RELATED TECHNOLOGIES

A-life is just one of the advanced computing technologies designed to bring added intelligence to computing – two other are neural networks and intelligent agents. Neural networks are made up of a mesh of neuronodes linked by a web of wires and are designed to mimic the function of the human brain. Unlike a-life, neural networks do not ‘evolve’ over time, their essential structure is set but they do allow companies to develop systems which can ‘learn by experience’. When an input is sent to the neural system, the computer produces an output which a human expert says is right, wrong or partly correct. If an output is deemed correct, the network lowers the resistance on the correct neural pathway so it will produce the same result from the same input next time. Commercial use of neural networks has been limited. Although it was first developed more than 30 years ago, and 70% of the largest companies are believed to be piloting the technology, few proven applications exist. Intelligent agents, however, are being widely deployed,- particularly in conjunction with the World Wide Web.
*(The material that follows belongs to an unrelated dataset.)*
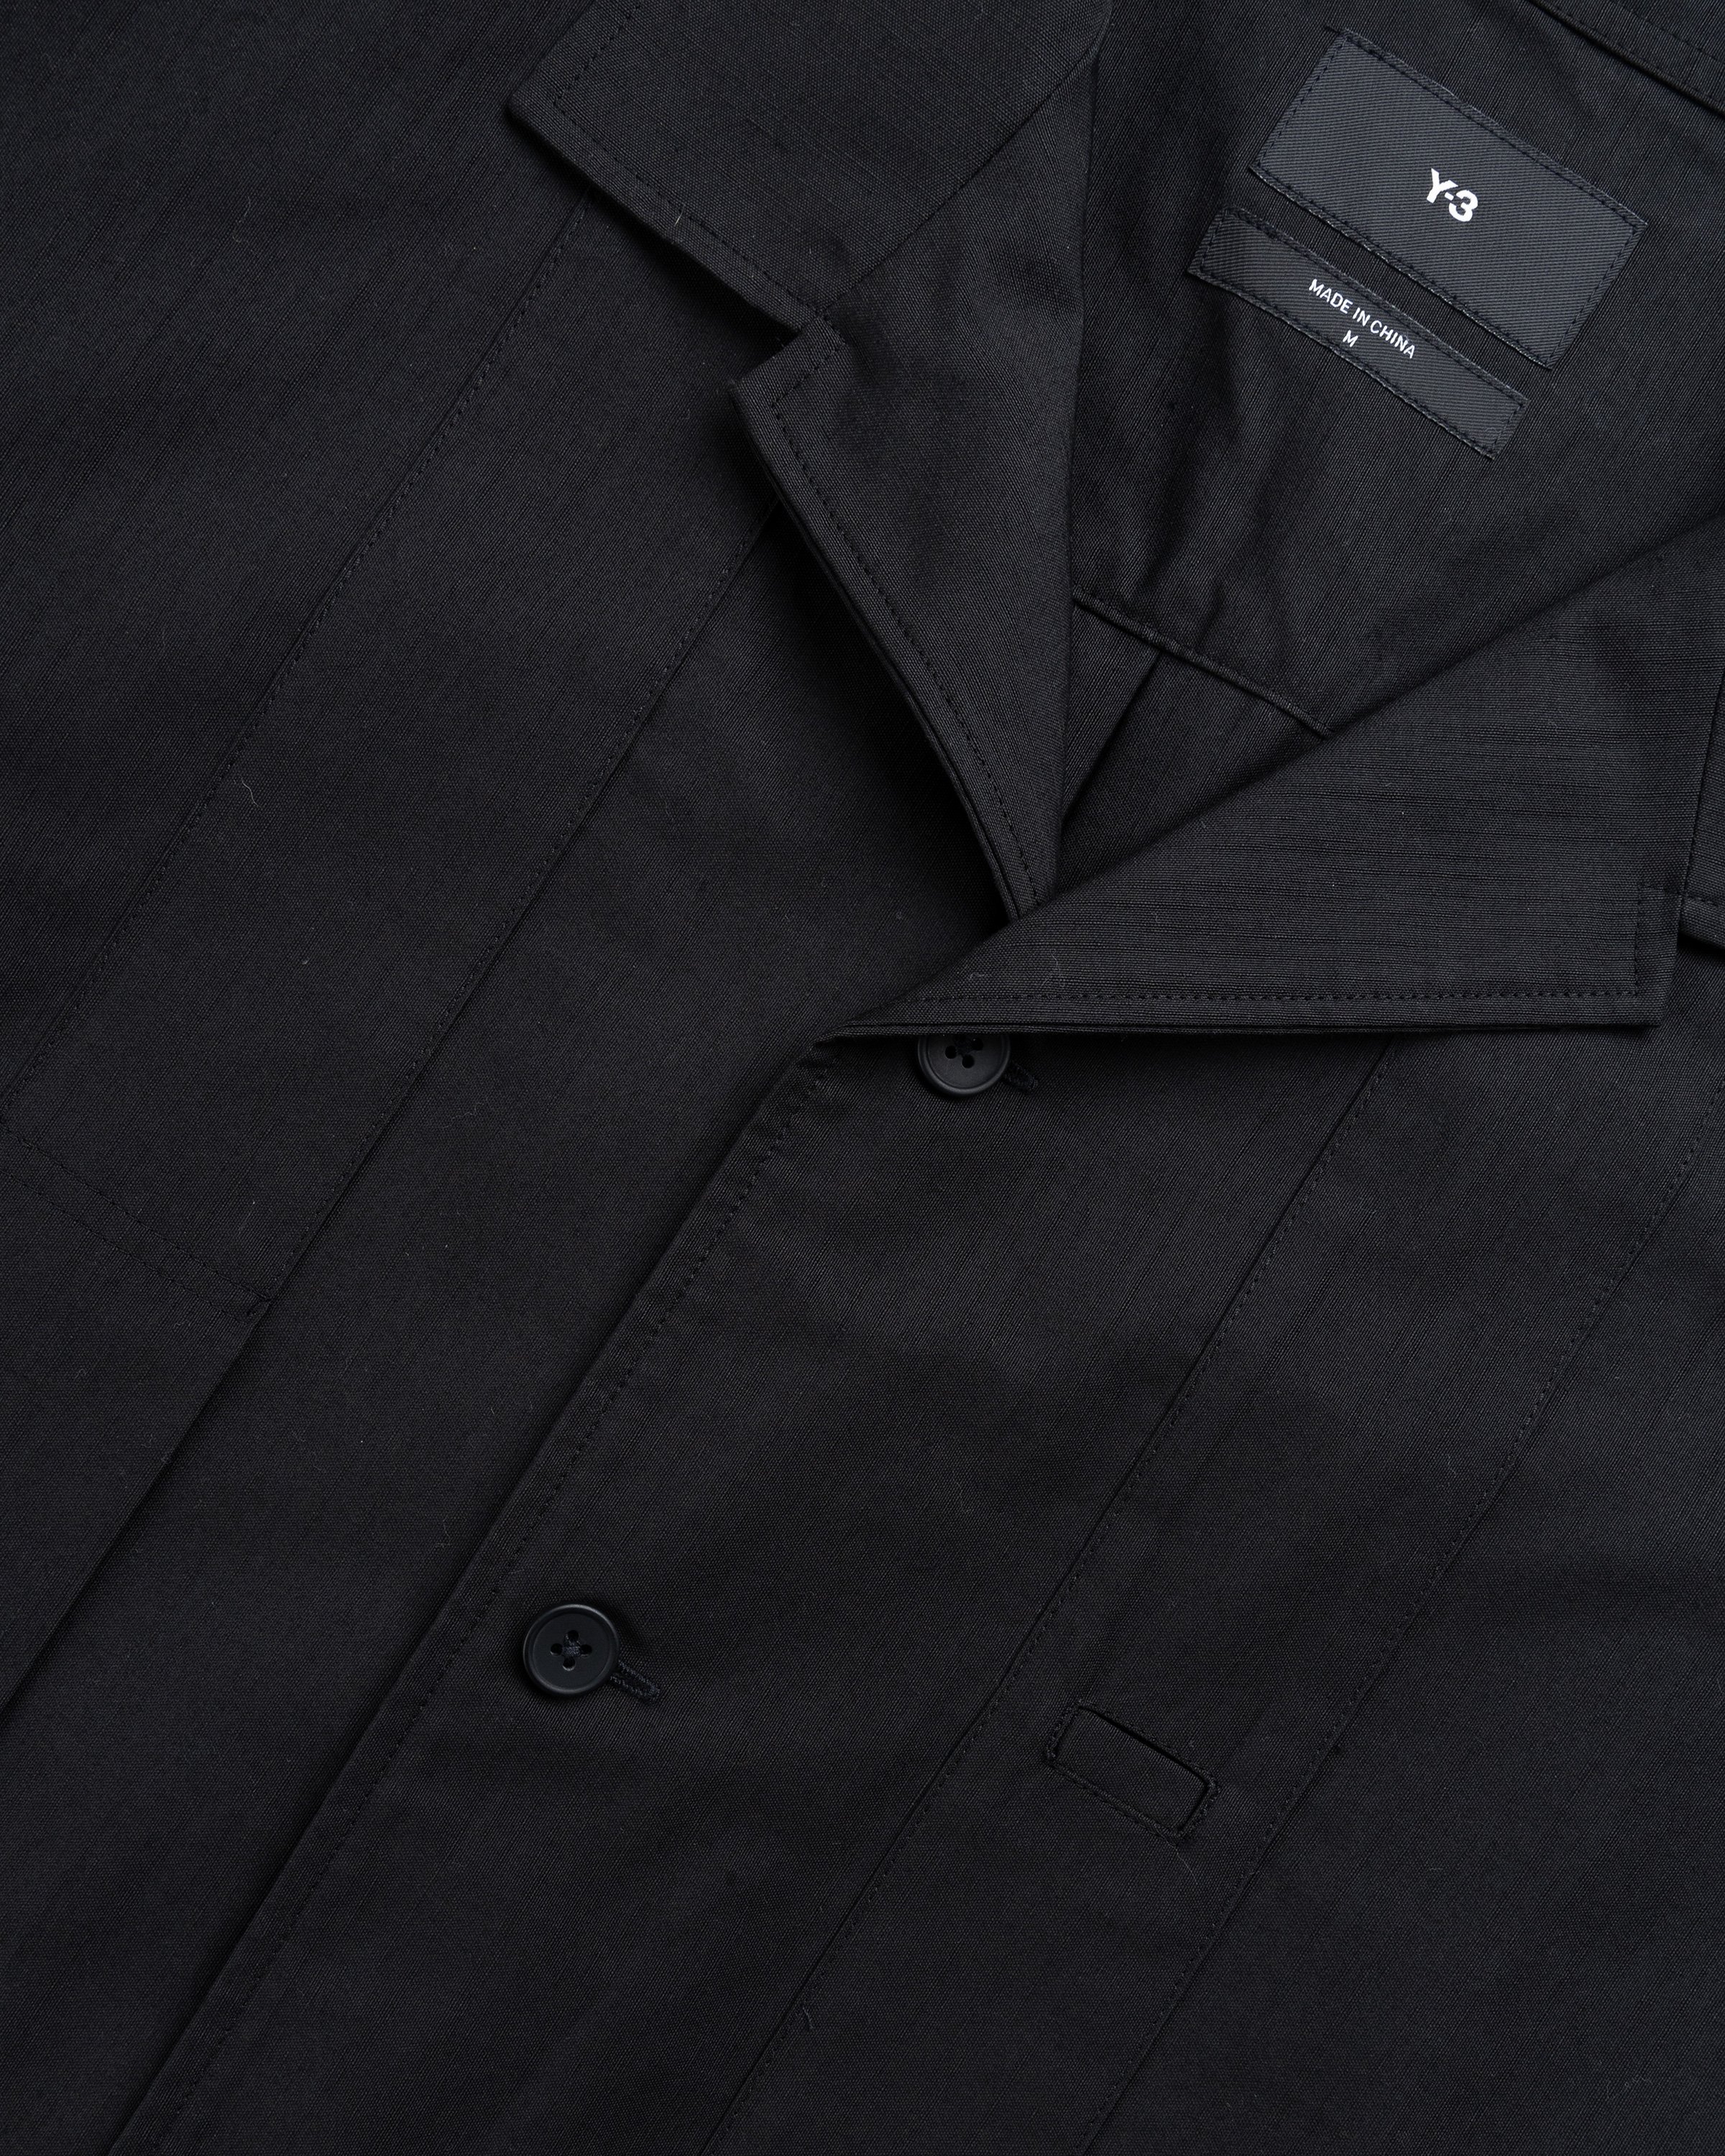 Y-3 - Longsleeve Workwear Shirt Black - Clothing - Black - Image 6

What constitutes an agent is a point of considerable debate but, primarily, it is a piece of software that acts semi-autonomously on behalf of a user and does so with reference to a knowledge or rule base. For example, users can harness agents to track news events across the Internet – the user sets some initial parameters and the agent, through repetitive experience, refines those rules to provide the most relevant information possible. Most a-life programs have intelligent agents at their core, performing tasks and learning from responses. The aim is, through a continual process of evolution, to produce a race of ‘super agents’.